Every line of the listing below should come back exactly as written, with no images.

- _Recorded data_
☆ ☆ ☆

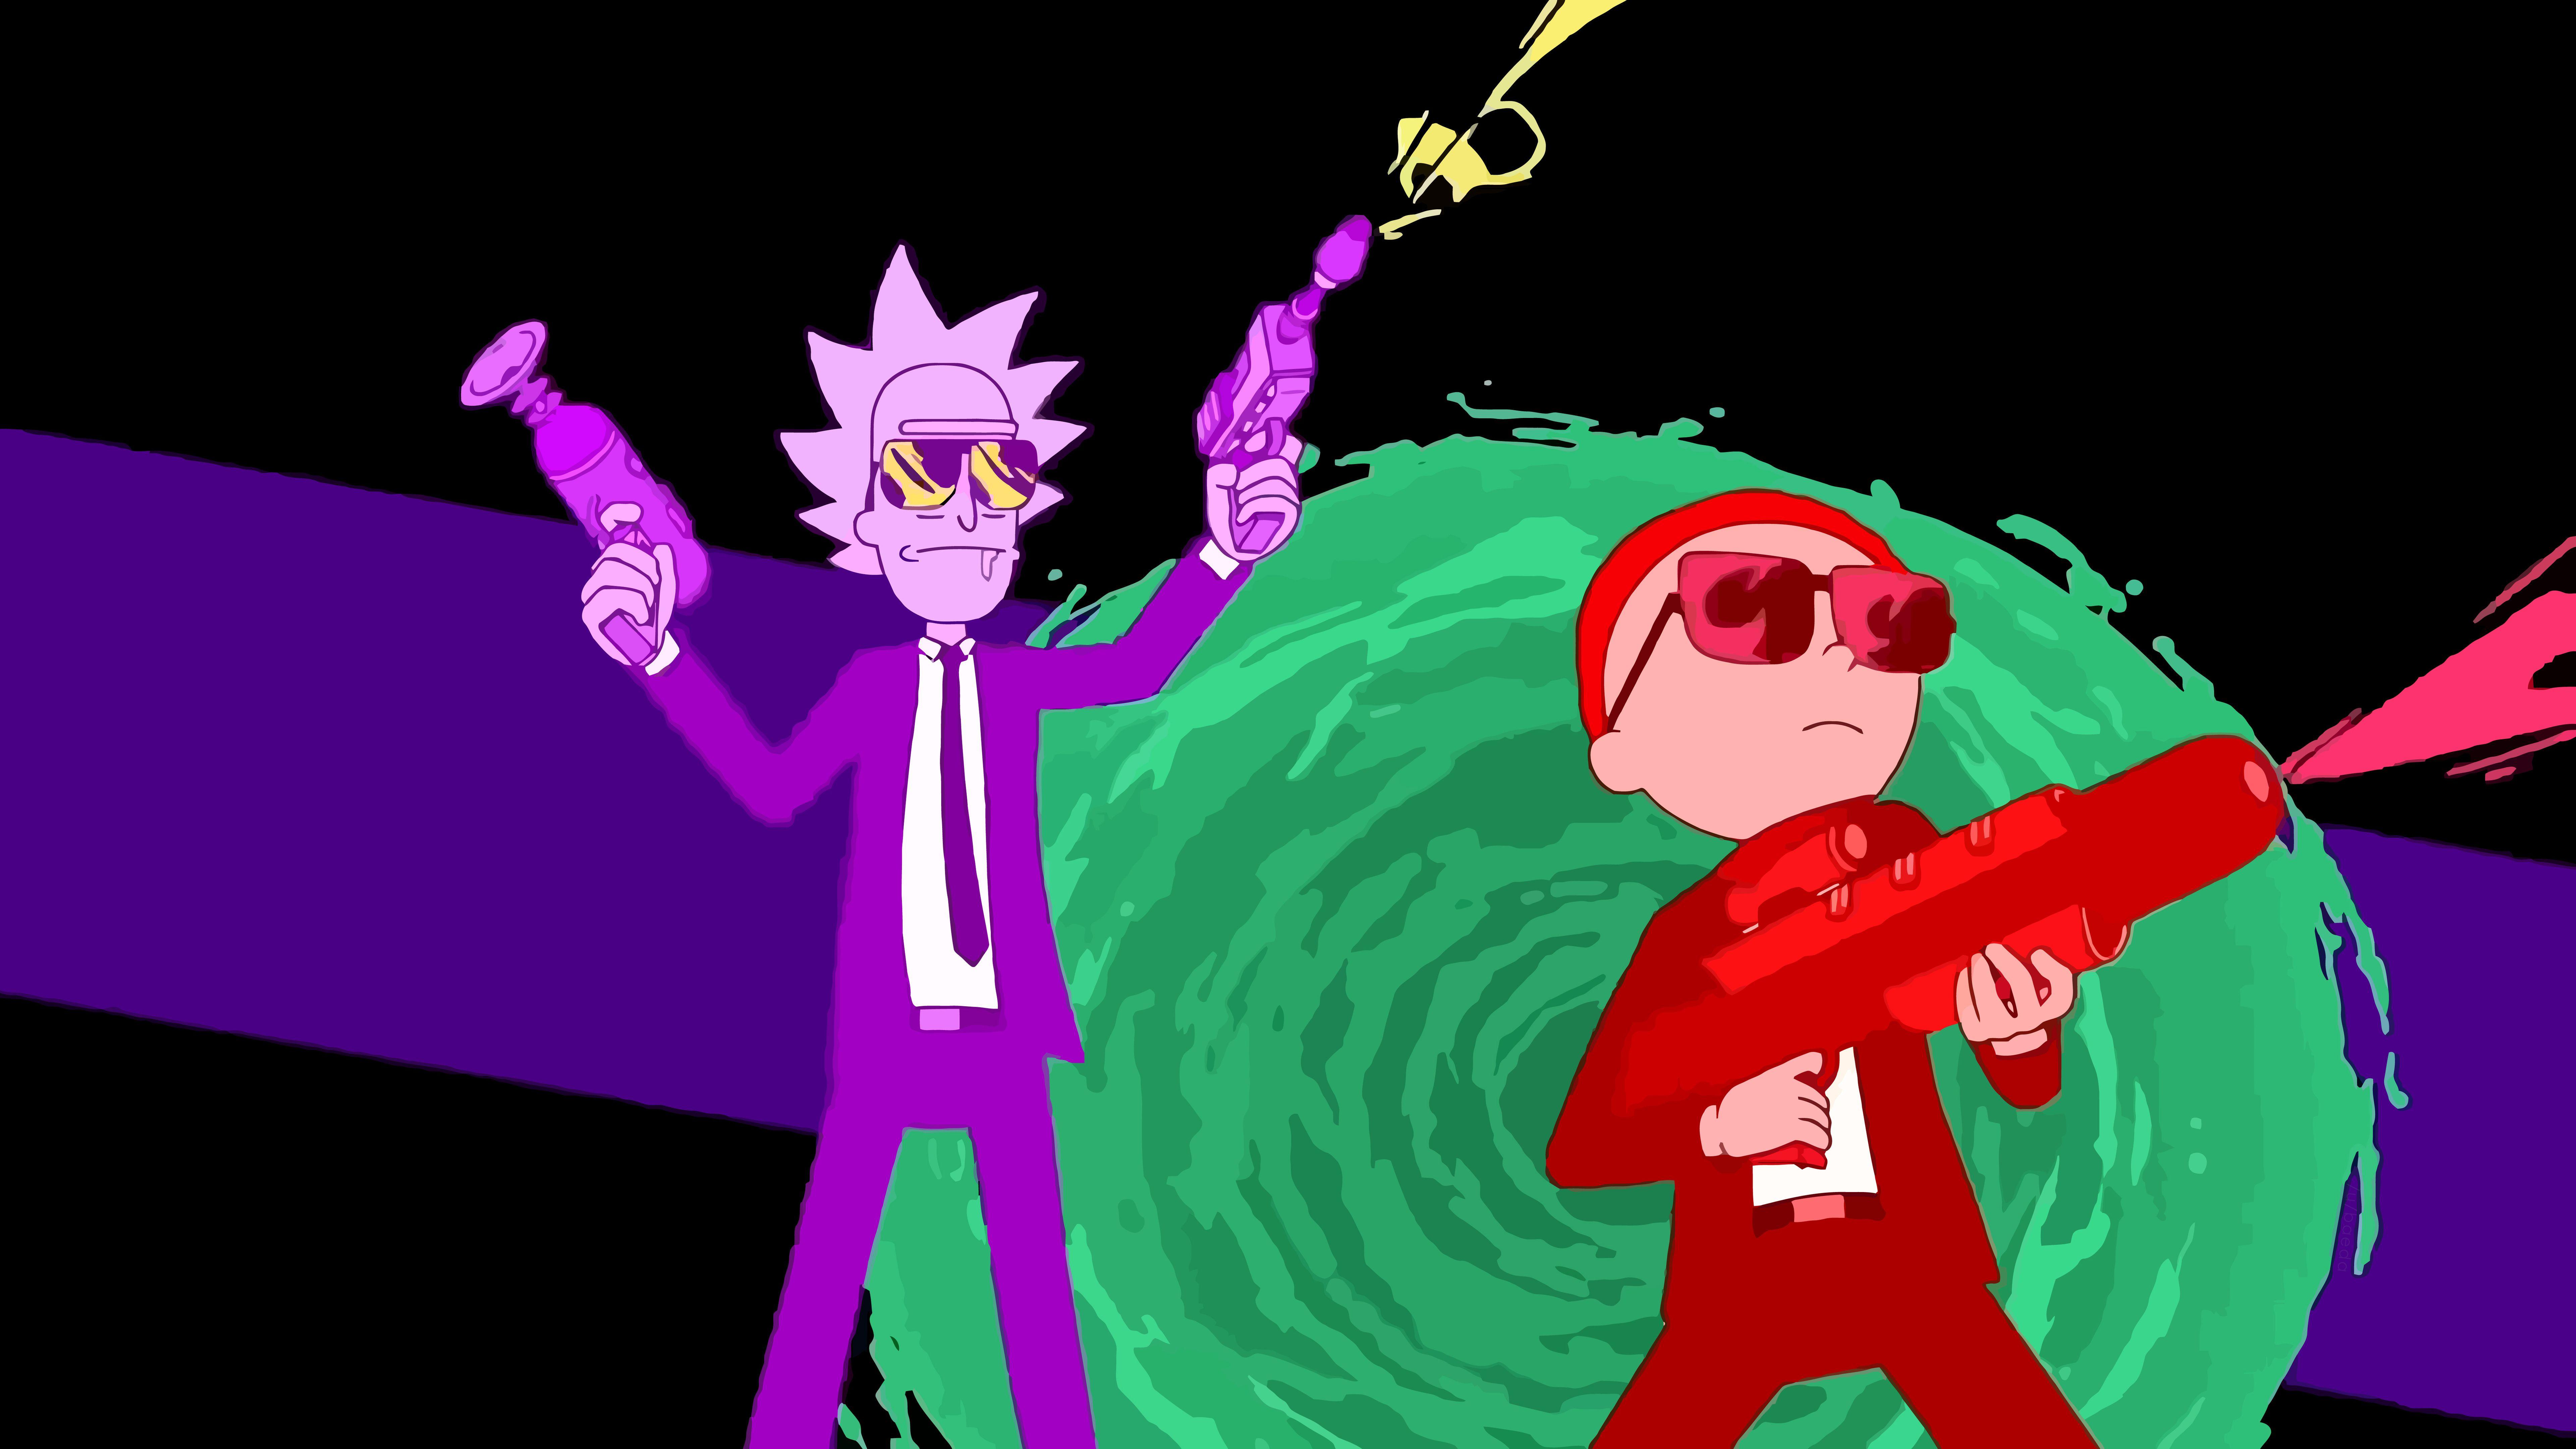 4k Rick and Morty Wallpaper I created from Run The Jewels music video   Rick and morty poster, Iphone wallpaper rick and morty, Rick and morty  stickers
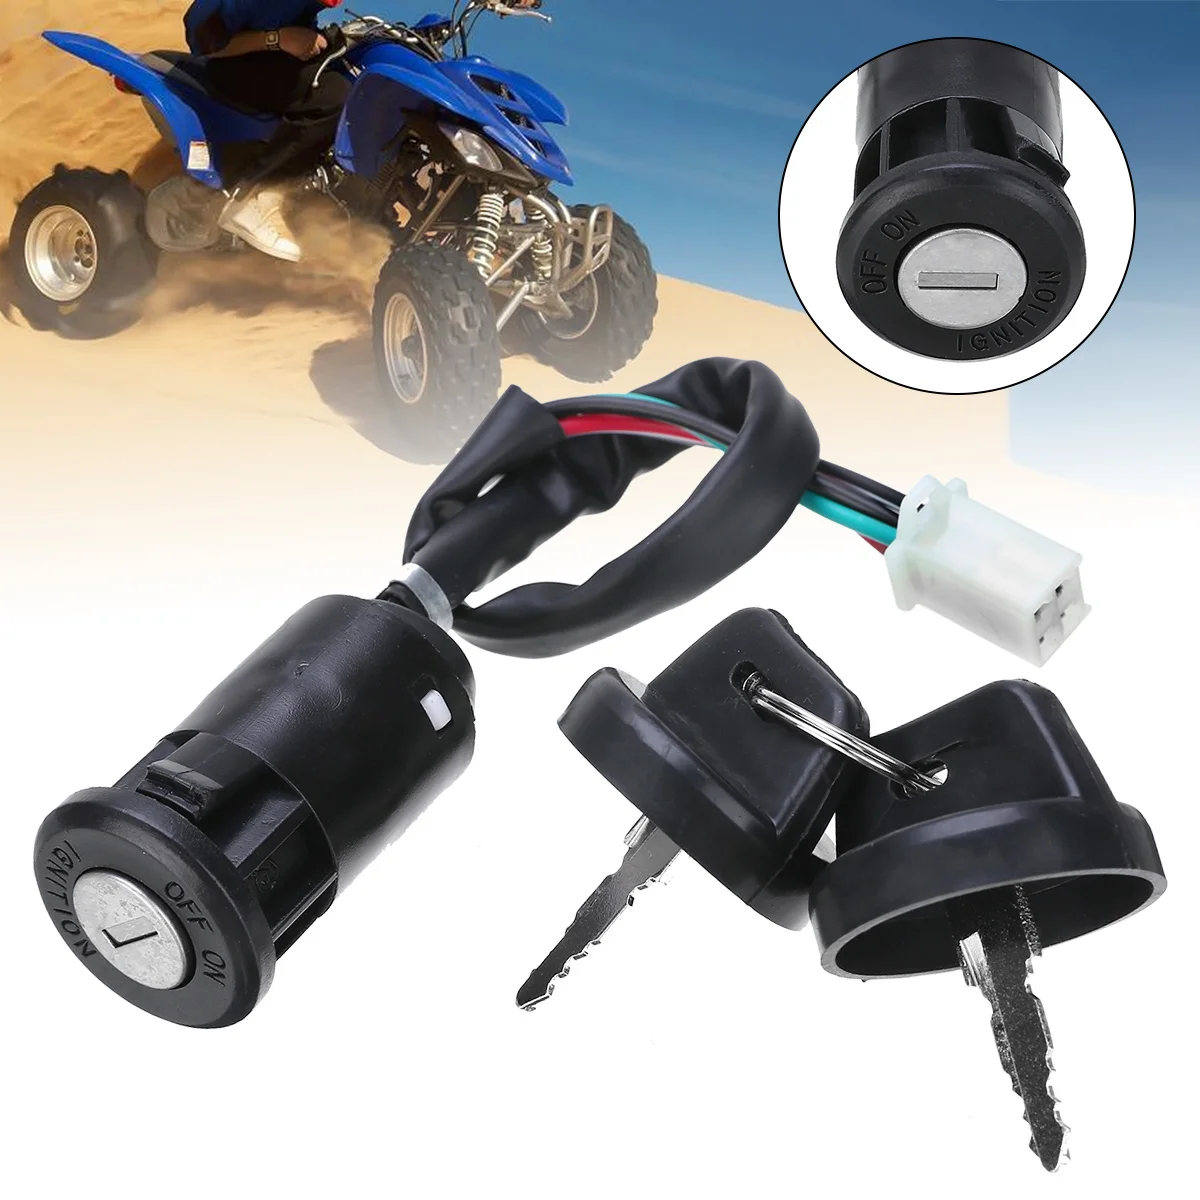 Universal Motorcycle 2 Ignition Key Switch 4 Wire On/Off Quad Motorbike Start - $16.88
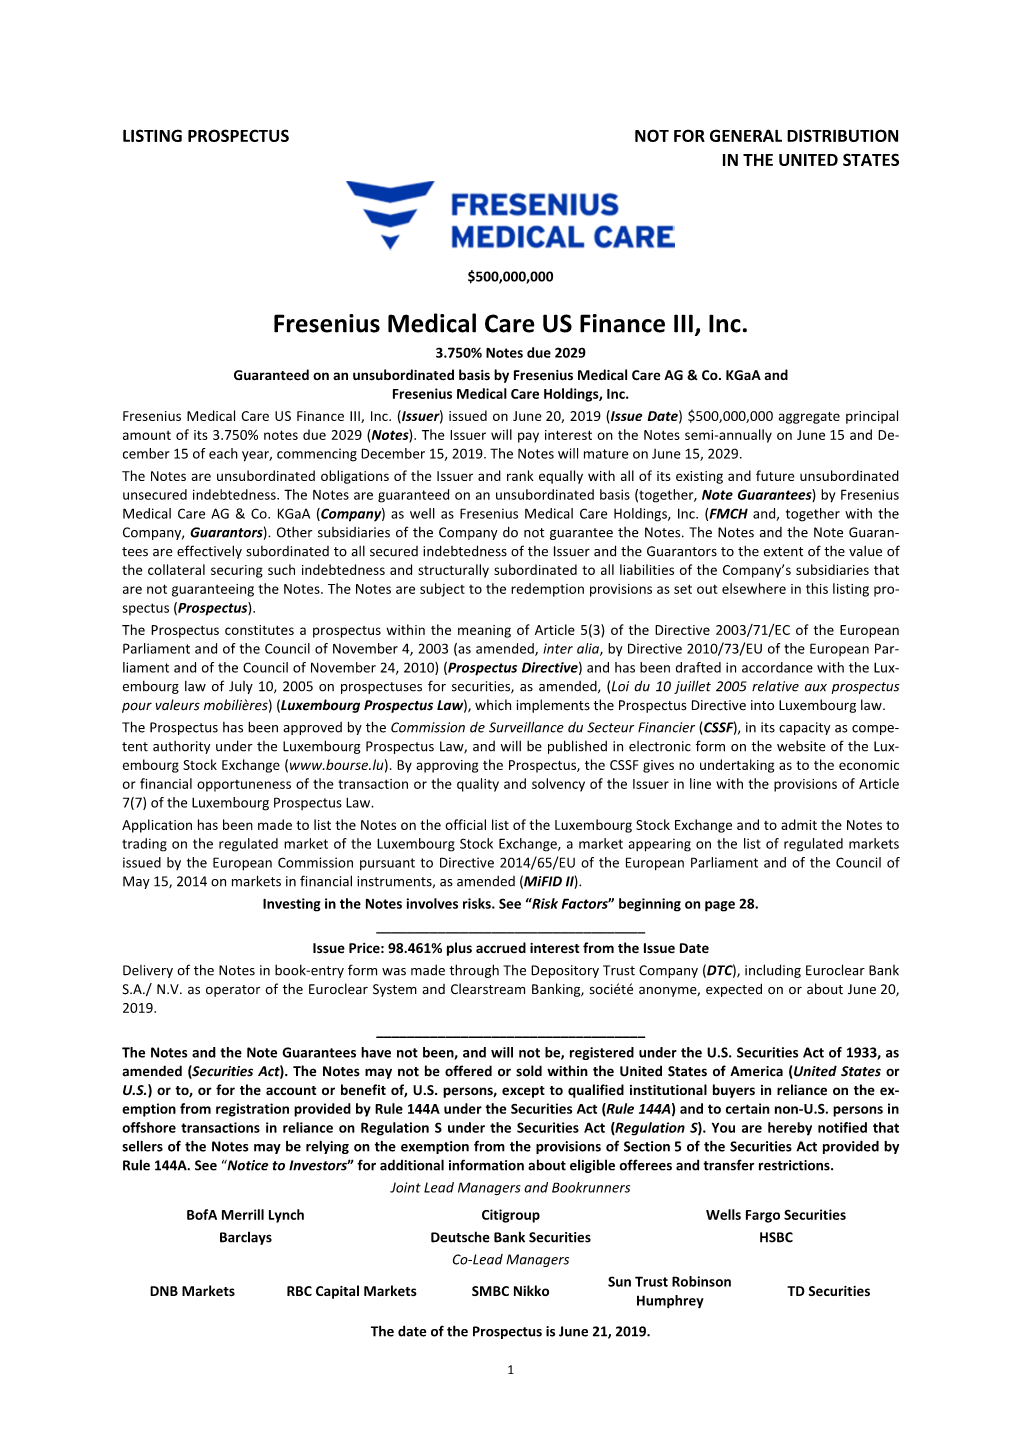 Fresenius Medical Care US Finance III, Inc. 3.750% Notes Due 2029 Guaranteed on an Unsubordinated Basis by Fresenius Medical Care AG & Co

☆ ☆ ☆

- _Solution to this task_
 4k Rick and Morty Wallpaper I created from Run The Jewels music video   Rick and morty poster, Iphone wallpaper rick and morty, Rick and morty  stickers
 Universal Motorcycle 2 Ignition Key Switch 4 Wire On/Off Quad Motorbike Start - $16.88
 Fresenius Medical Care US Finance III, Inc. 3.750% Notes Due 2029 Guaranteed on an Unsubordinated Basis by Fresenius Medical Care AG & Co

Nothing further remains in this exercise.